Javert recluyó a Jean Valjean en la cárcel de la ciudad.

El arresto del señor Madeleine produjo en Montreuil-sur-Mer una sensación o, por mejor decir, una conmoción extraordinaria. Nos causa verdadera pesadumbre no poder ocultar que con estas solas palabras: «Era un presidiario», casi todo el mundo le abandonó. En menos de dos horas, todo el bien que había hecho quedaba ya olvidado, y ya no era más que «un presidiario». Es justo decir que no se conocían todavía con detalle los acontecimientos de Arras. Durante todo el día, se oían en todos los lugares de la ciudad conversaciones como éstas:

—¿No lo sabéis? ¡Era un presidiario liberado!

—¿De quién habláis?

—Del alcalde.

—¡Bah! ¿El señor Madeleine?

—Sí.

—¿Es cierto?

—No se llamaba Madeleine, tiene un nombre espantoso, Béjean, Bojean, Boujean.

—¡Ah, Dios mío!

—Está detenido.

—En la cárcel, en la cárcel de la ciudad, esperando a que le trasladen.

—¿Que le trasladen? ¡Van a trasladarle! ¿Adónde van a trasladarle?

—Va a ir a los tribunales por un robo que cometió en otro tiempo.

—Ya lo sospechaba. Este hombre era demasiado bueno, demasiado perfecto, demasiado almibarado. Había rehusado la Cruz, daba dinero a todos los pequeños perillanes que encontraba. Siempre he pensado que, detrás de todo eso, habría alguna historia sucia.

«Los salones», sobre todo, abundaron en esta opinión.

Una anciana, abonada al Drapeau Blanc, hizo esta reflexión, de la cual es completamente imposible sondear la profundidad:

—Yo no estoy indignada. ¡Esto enseñará a los partidarios de Bonaparte!

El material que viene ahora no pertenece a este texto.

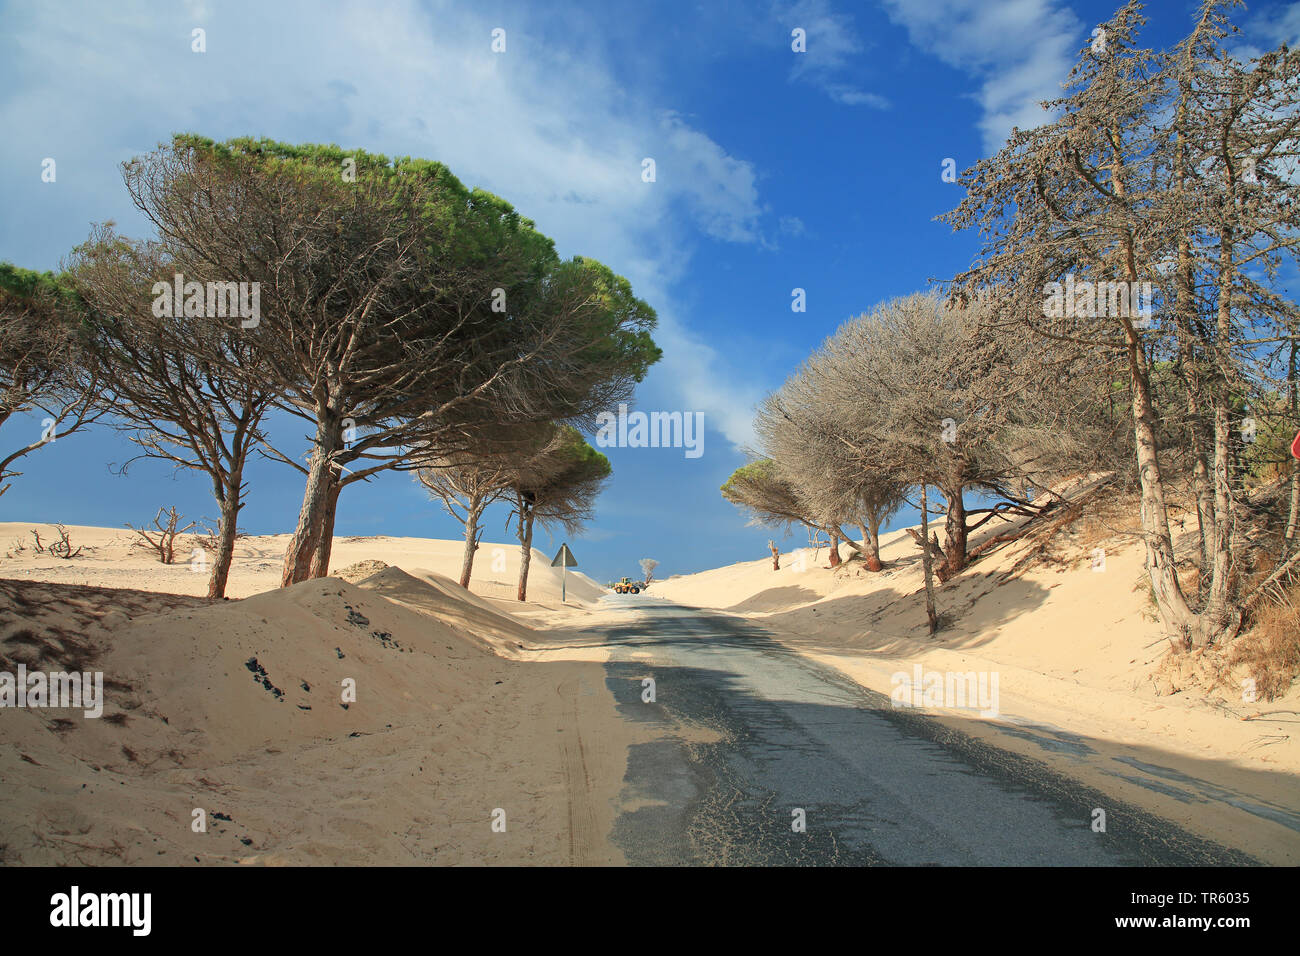 Stone pine, Italian Stone pine, Umbrella Pine (Pinus pinea), road between two shifting sand dunes keeping clear by an excavator, Spain, Andalusia, Bolonia Stock Photo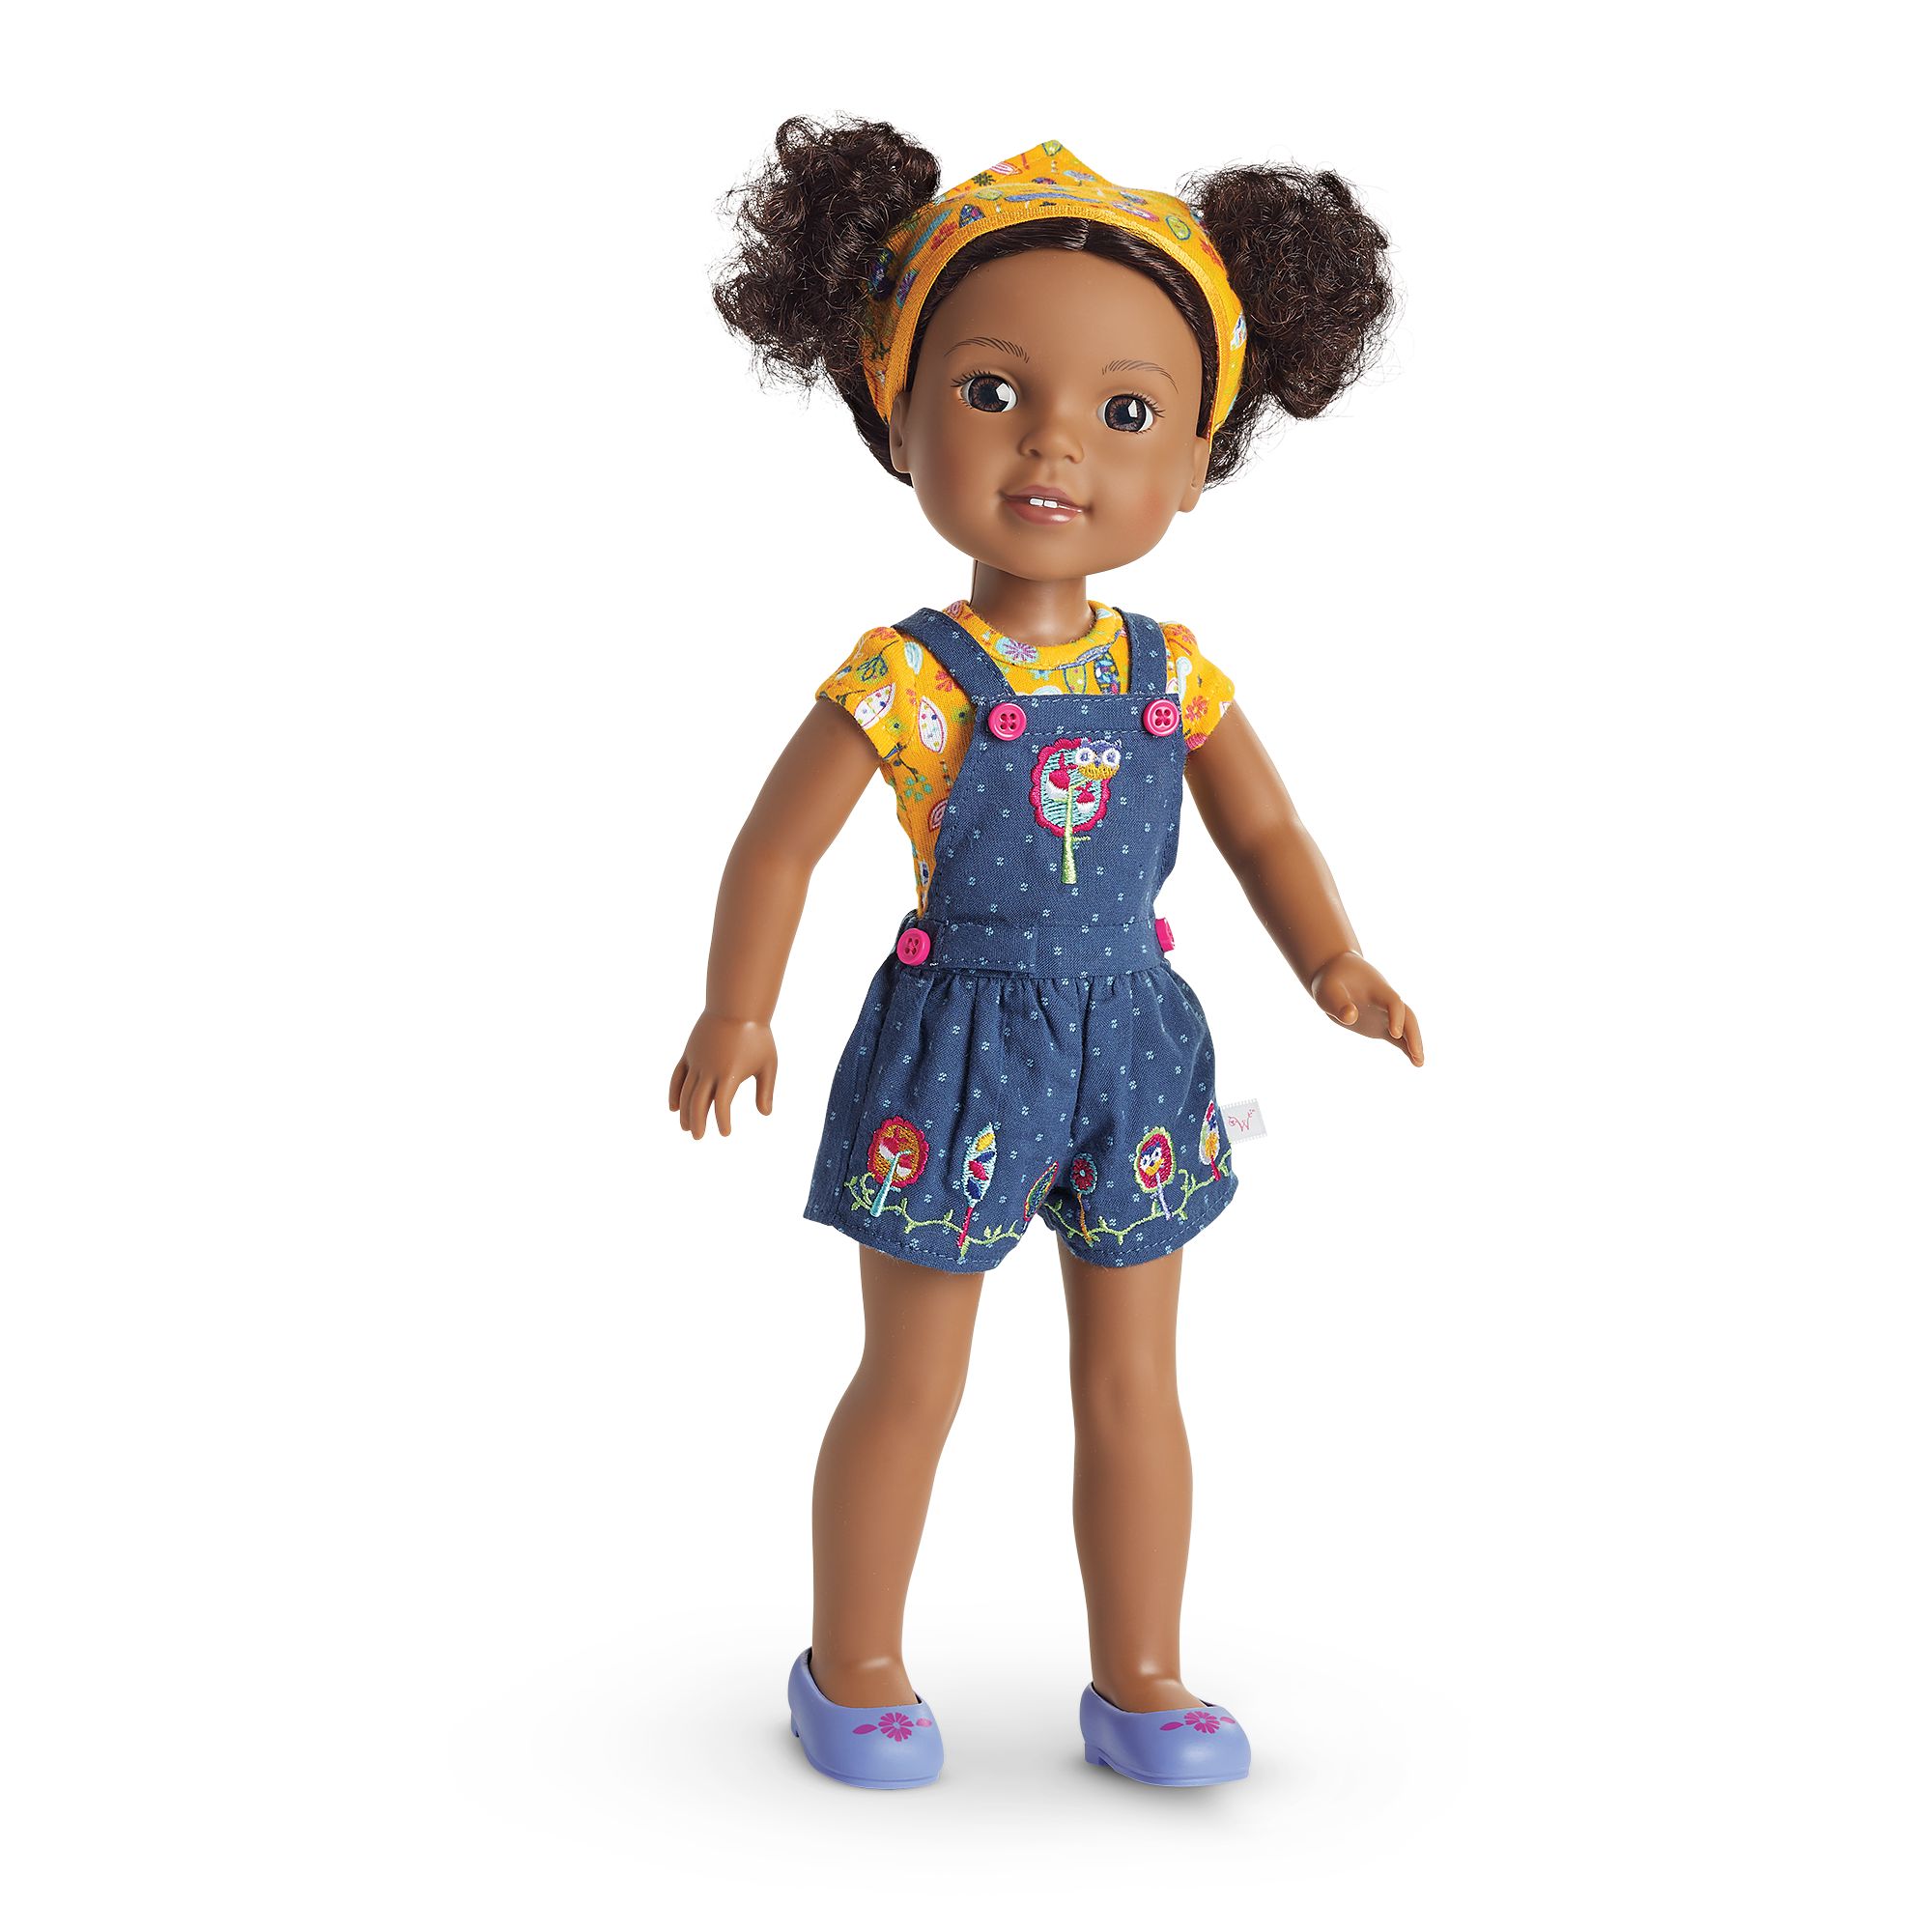 Outdoors in Overalls Outfit | American Girl Wiki | Fandom

Fue así como aquel fantasma llamado Madeleine se disipó en Montreuil-sur-Mer. Solamente tres o cuatro personas, en toda la población, permanecieron fieles a su memoria. La anciana portera que le había servido estaba entre ellos.

En la noche de aquel mismo día, esa digna vieja estaba sentada en su garita, todavía despavorida y reflexionando tristemente. La fábrica había sido cerrada durante toda la jornada, la puerta cochera estaba con los cerrojos puestos, la calle estaba desierta. No había en la casa más que dos religiosas, la hermana Perpétue y la hermana Simplice, que velaban cerca del lecho de Fantine.

Cuando llegó la hora en que el señor Madeleine acostumbraba a regresar, la fiel portera se levantó maquinalmente, sacó de un cajón la llave de la habitación del alcalde y cogió una palmatoria de la que se servía todas las noches para subir a su dormitorio; luego, colgó la llave en un clavo, donde él generalmente la cogía, y puso la palmatoria al lado, como si la buena mujer le esperara. Volvió a sentarse en su silla y siguió pensando. La pobre buena vieja había hecho todo aquello inconscientemente.

Fue al cabo de casi dos horas cuando ella salió de su ensimismamiento y exclamó:

—¡Mi buen Dios Jesús! ¡Y yo que he puesto su llave en el clavo!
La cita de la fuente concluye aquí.